> _WHAT YOU ARE ASKED TO DO_
Restate the listing below exactly, images excluded.

> _DATA BELOW_
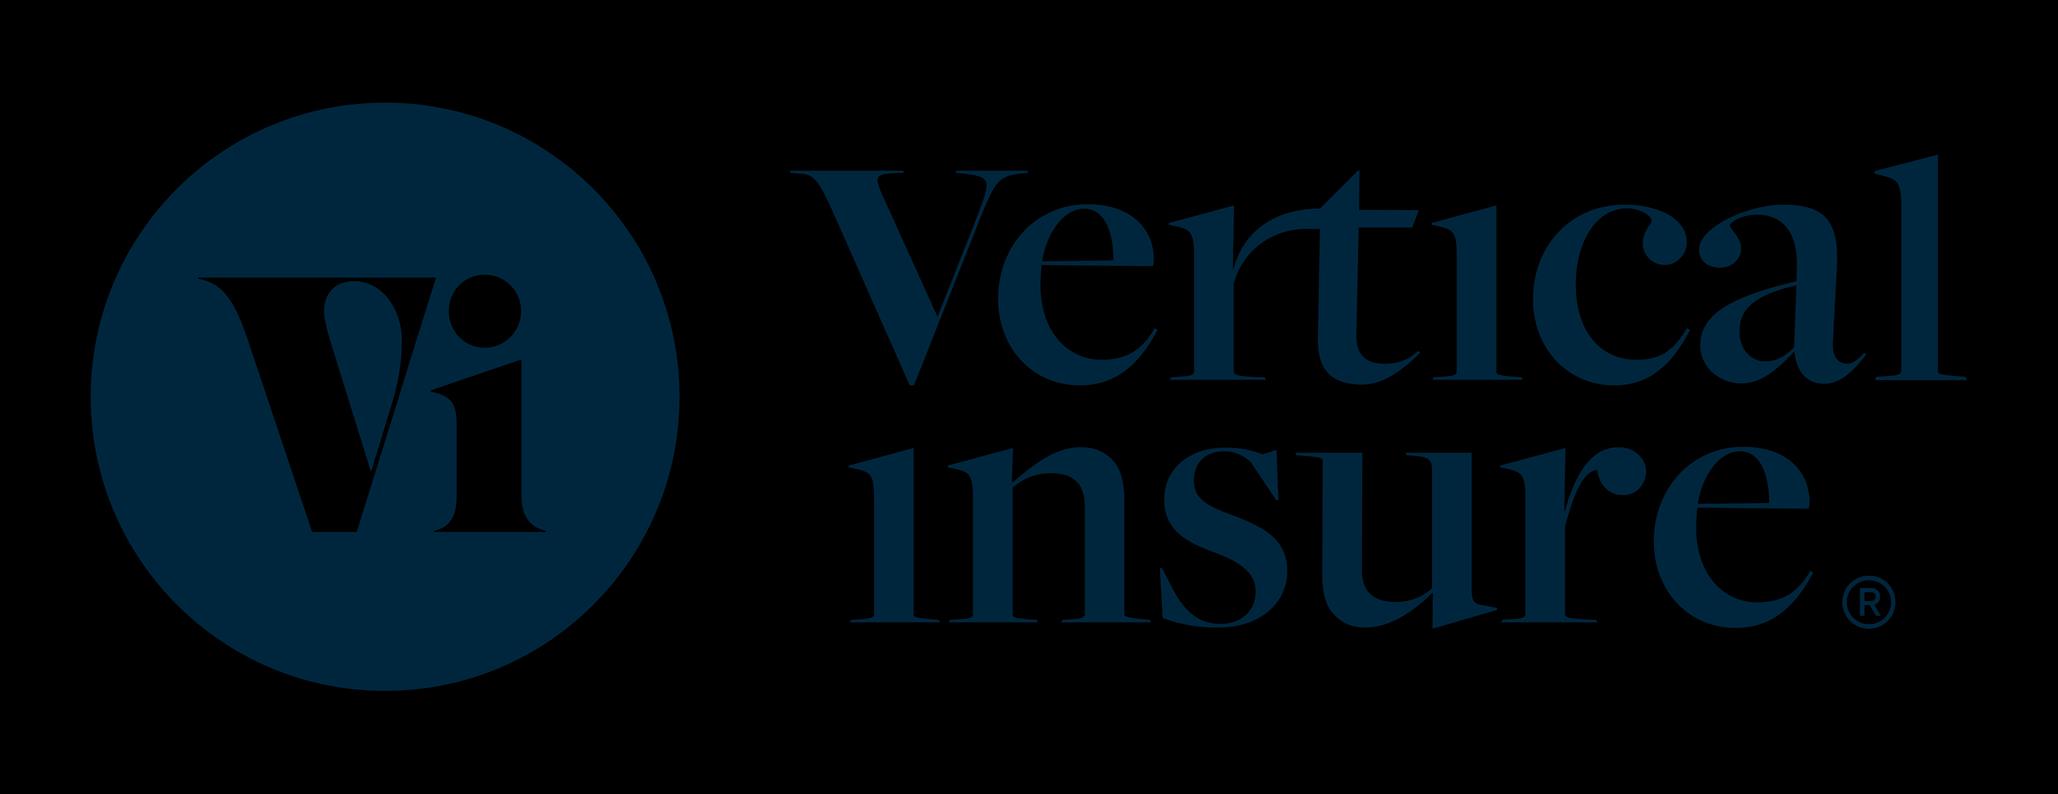 Vertical Insure, The Embedded Insurance Platform For Platforms, Secures $4M In Seed Funding To Simplify Insurance
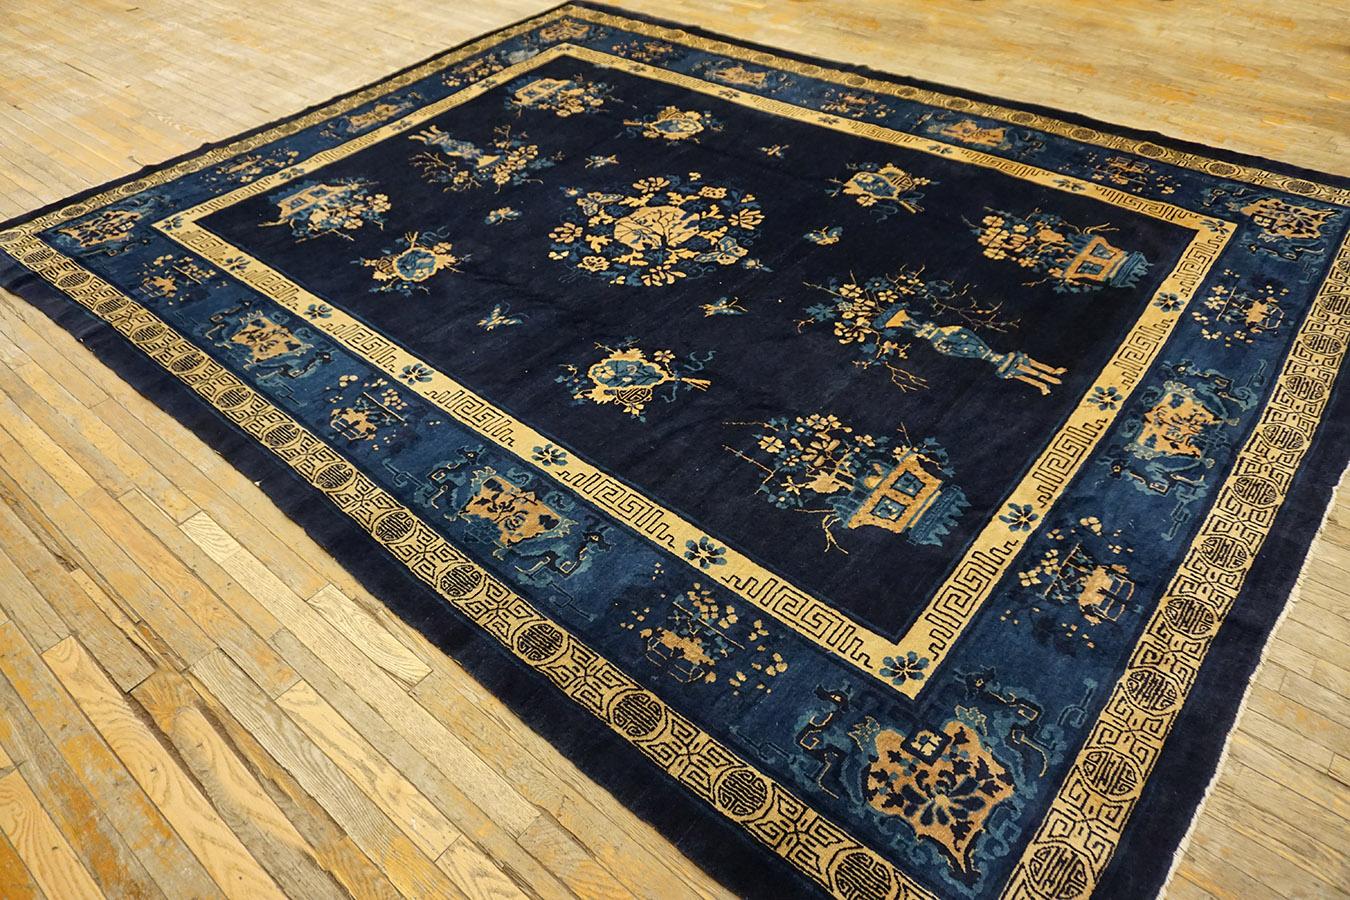 Early 20th Century Chinese Perking Carpet ( 9' x 11'8'' - 275 x 355 ) In Good Condition For Sale In New York, NY
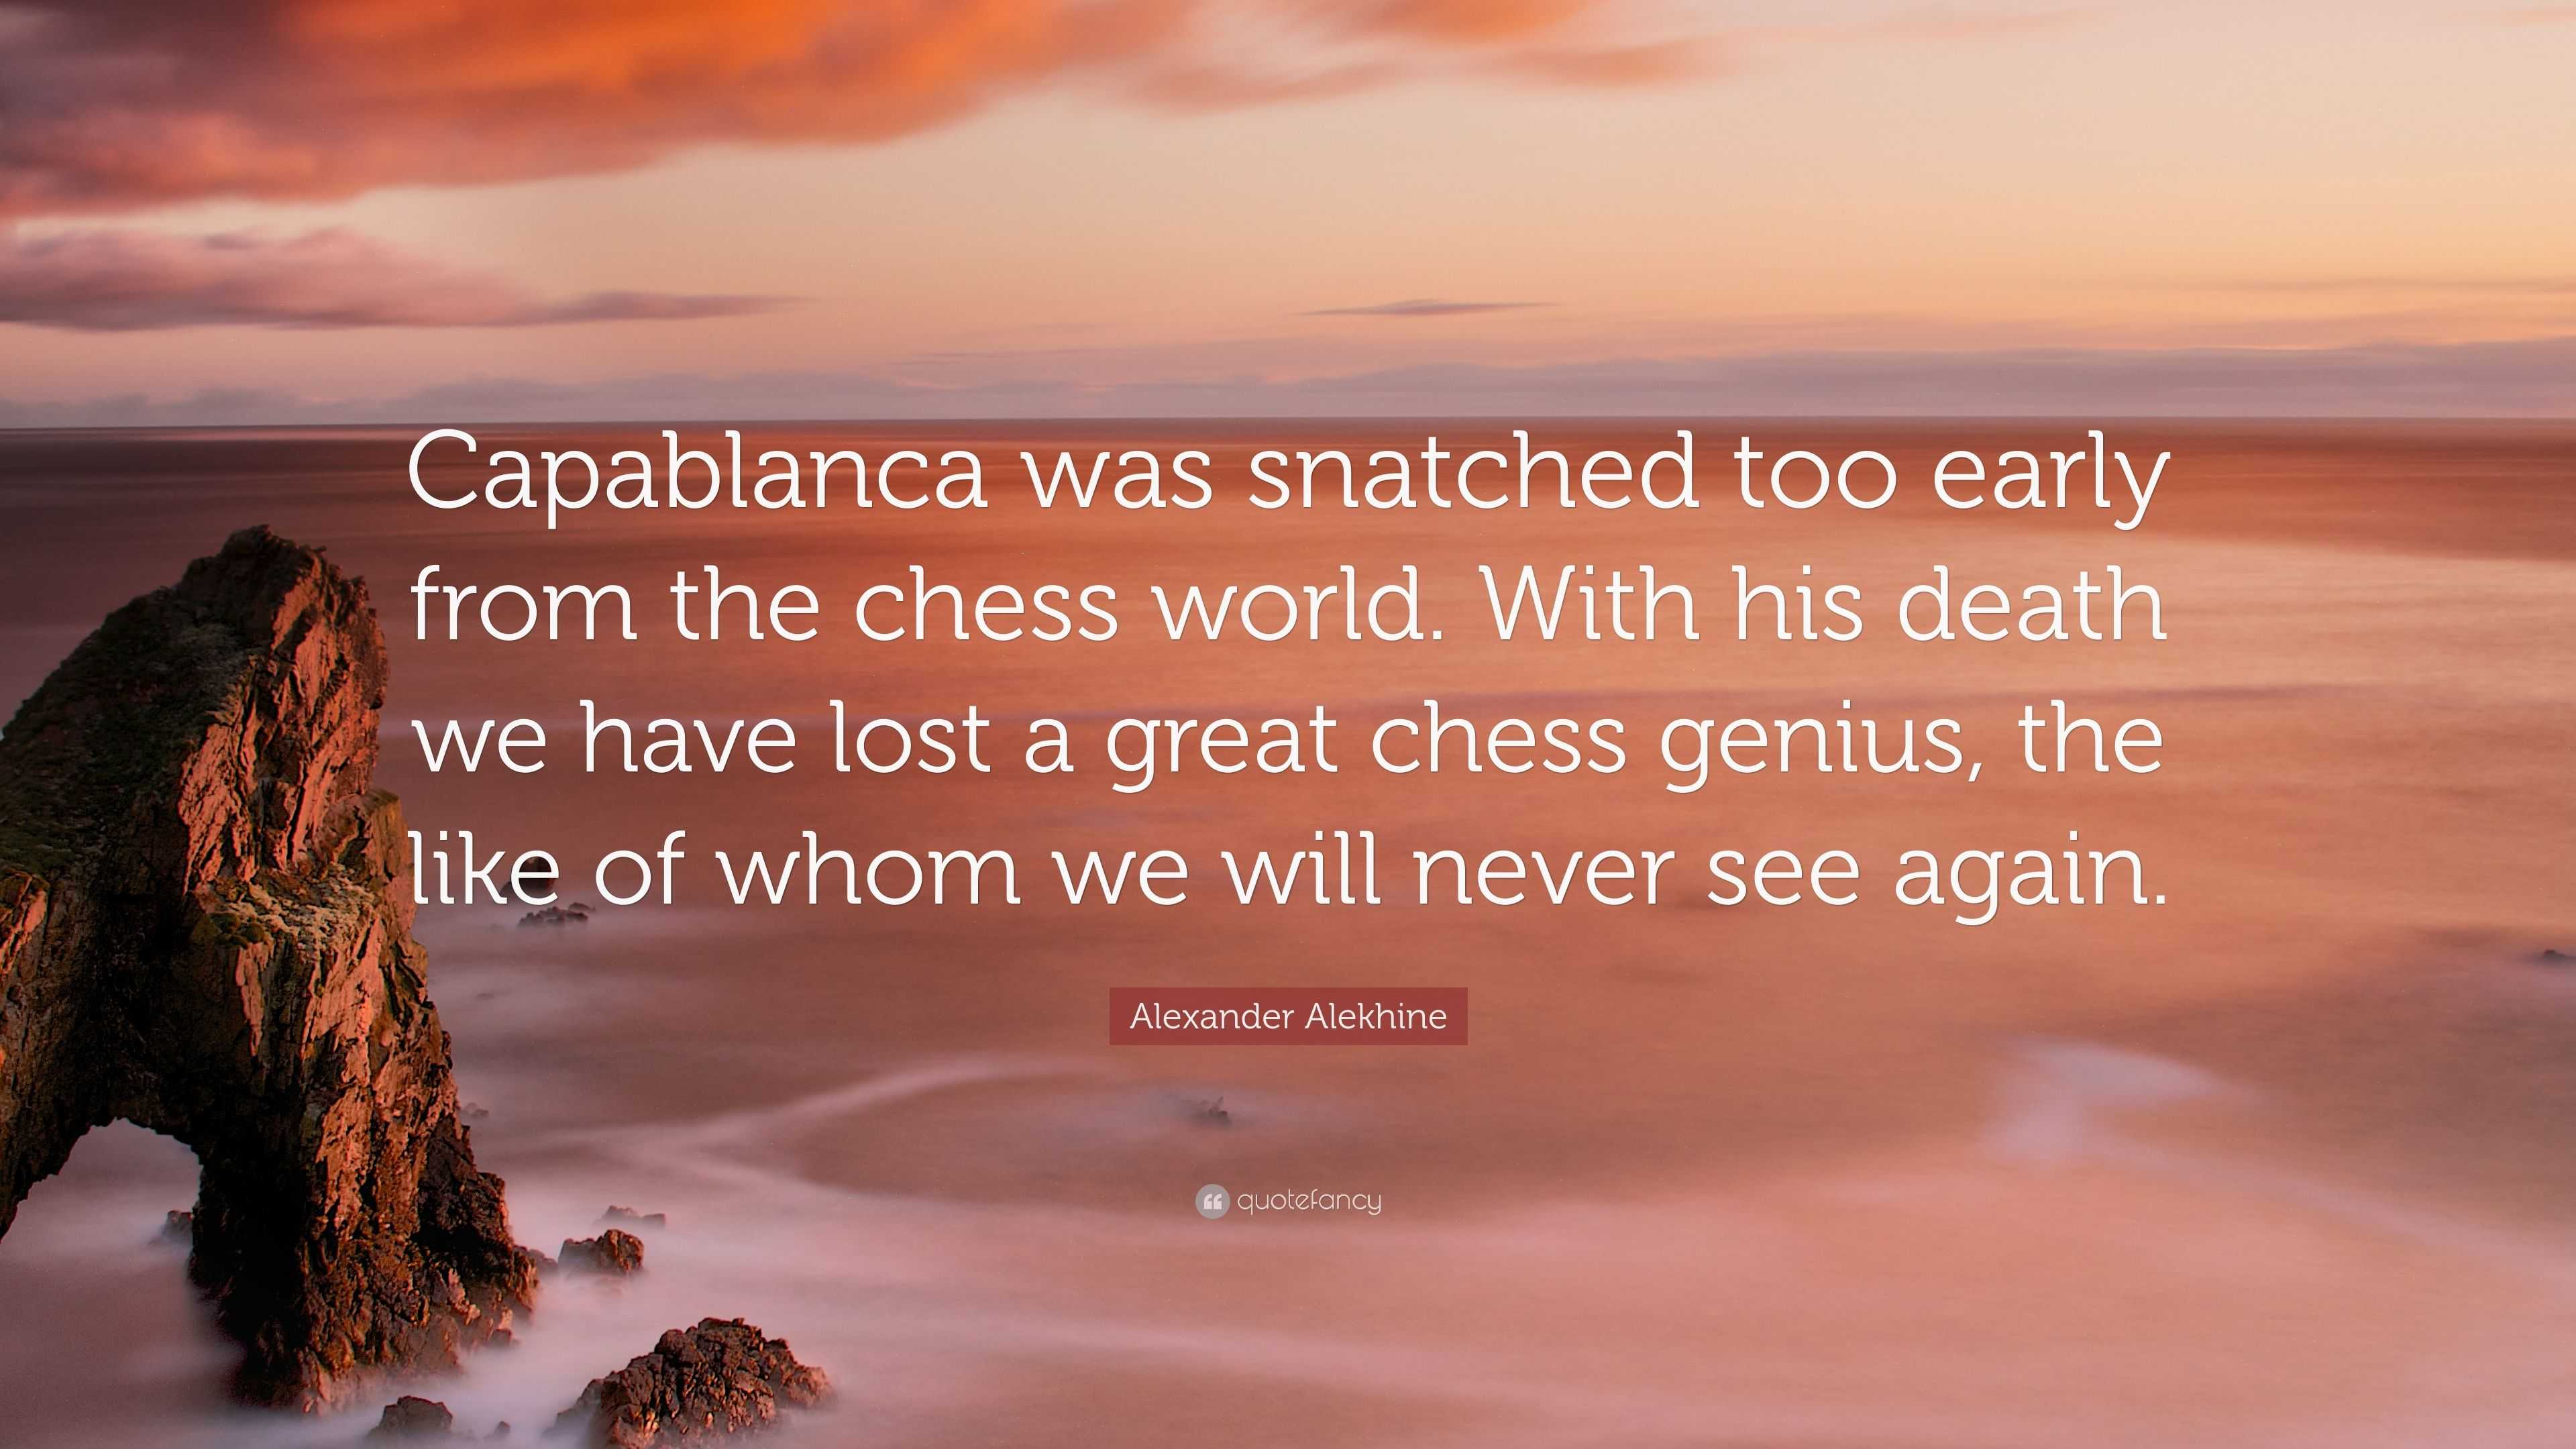 Alexander Alekhine quote: For my victory over Capablanca I am
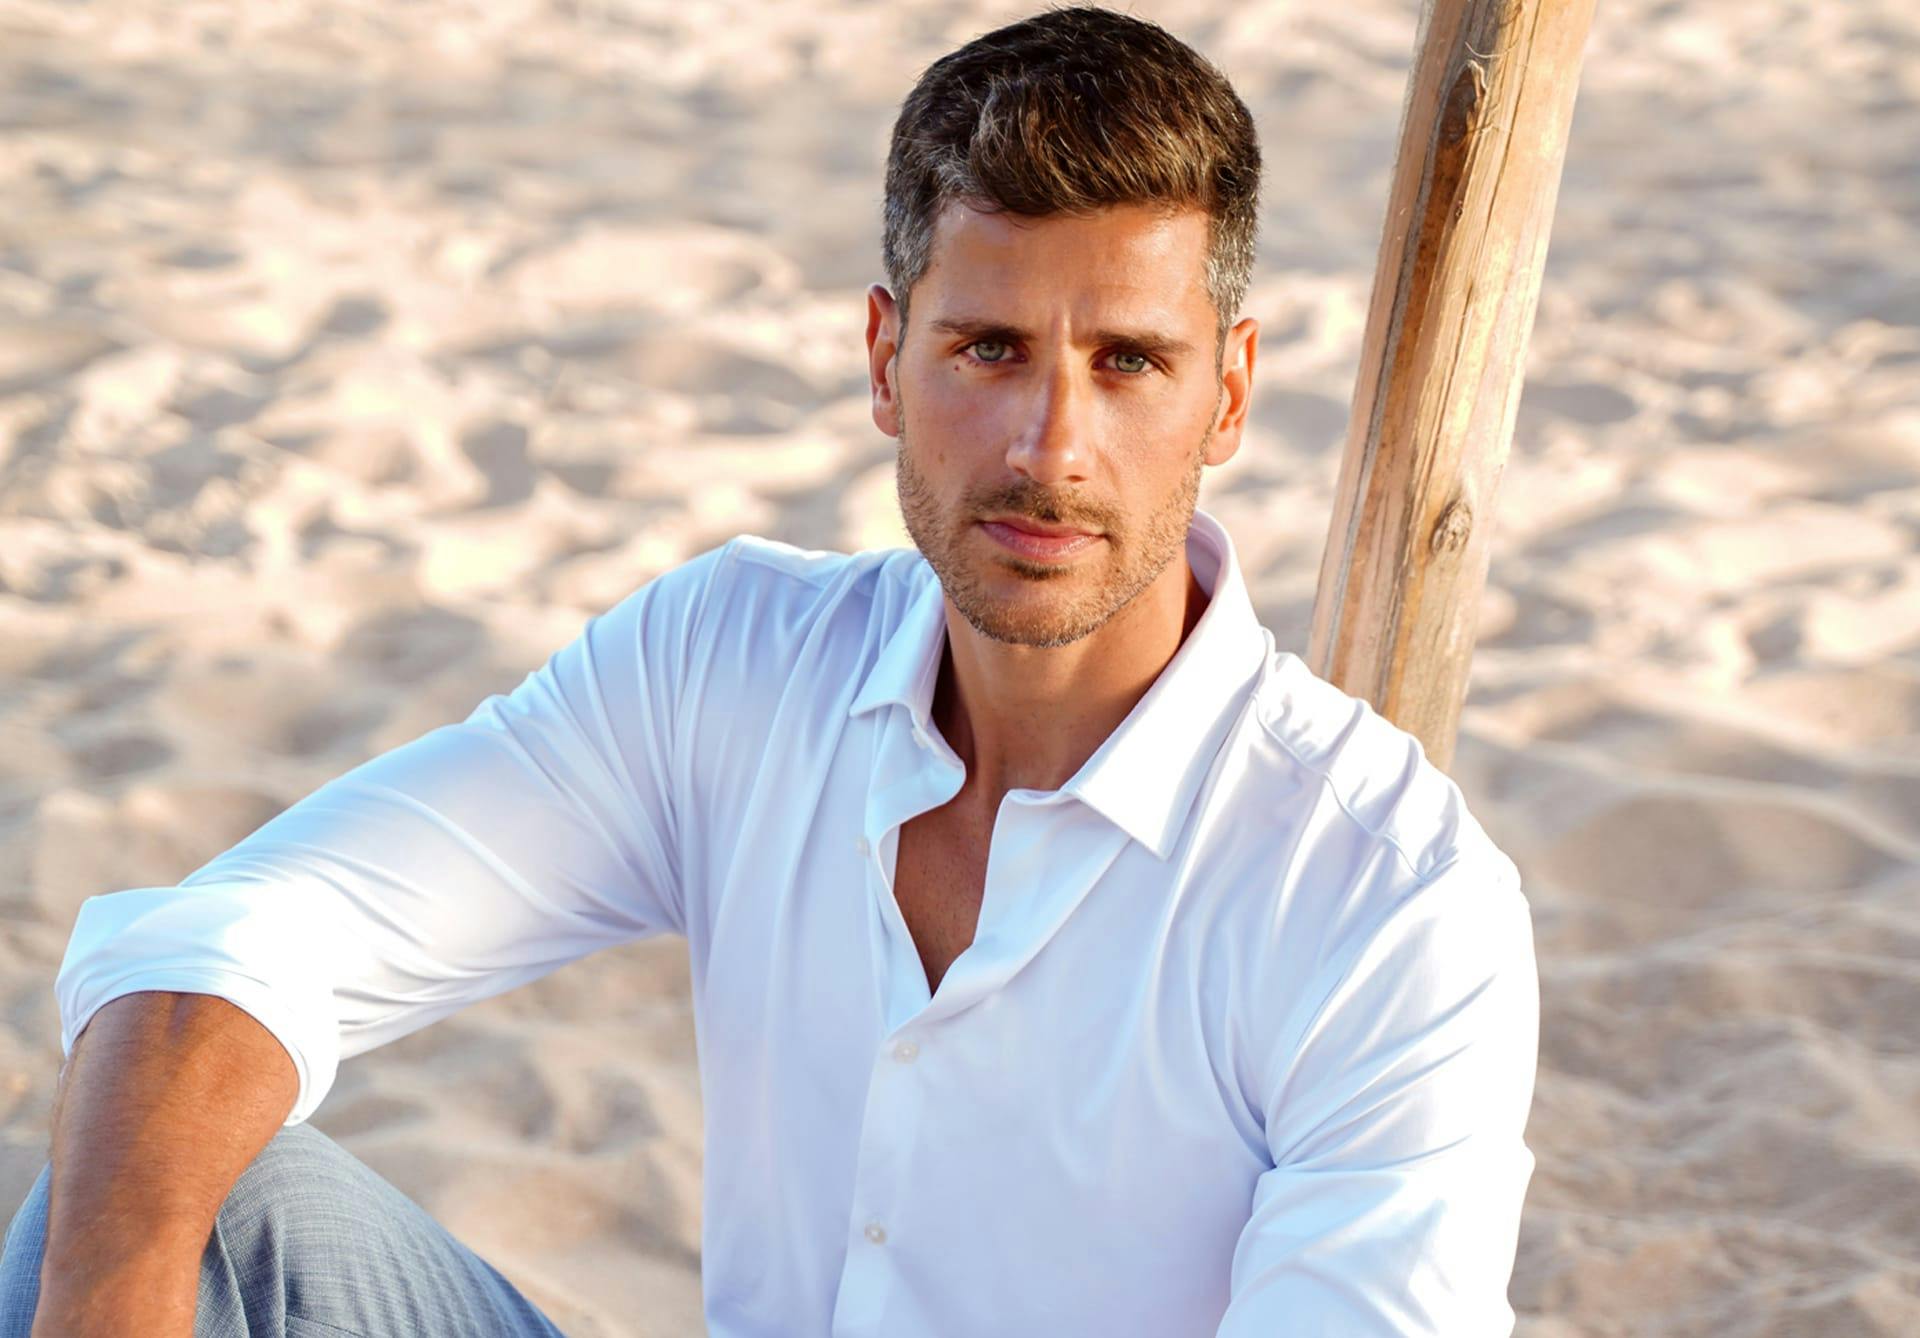 Handsome man in a white button up shirt sitting at the beach

> _ANSWER TO THIS PROBLEM_
 Vertical Insure, The Embedded Insurance Platform For Platforms, Secures $4M In Seed Funding To Simplify Insurance
 Early 20th Century Chinese Perking Carpet ( 9' x 11'8'' - 275 x 355 ) In Good Condition For Sale In New York, NY
 Alexander Alekhine quote: For my victory over Capablanca I am
 Handsome man in a white button up shirt sitting at the beach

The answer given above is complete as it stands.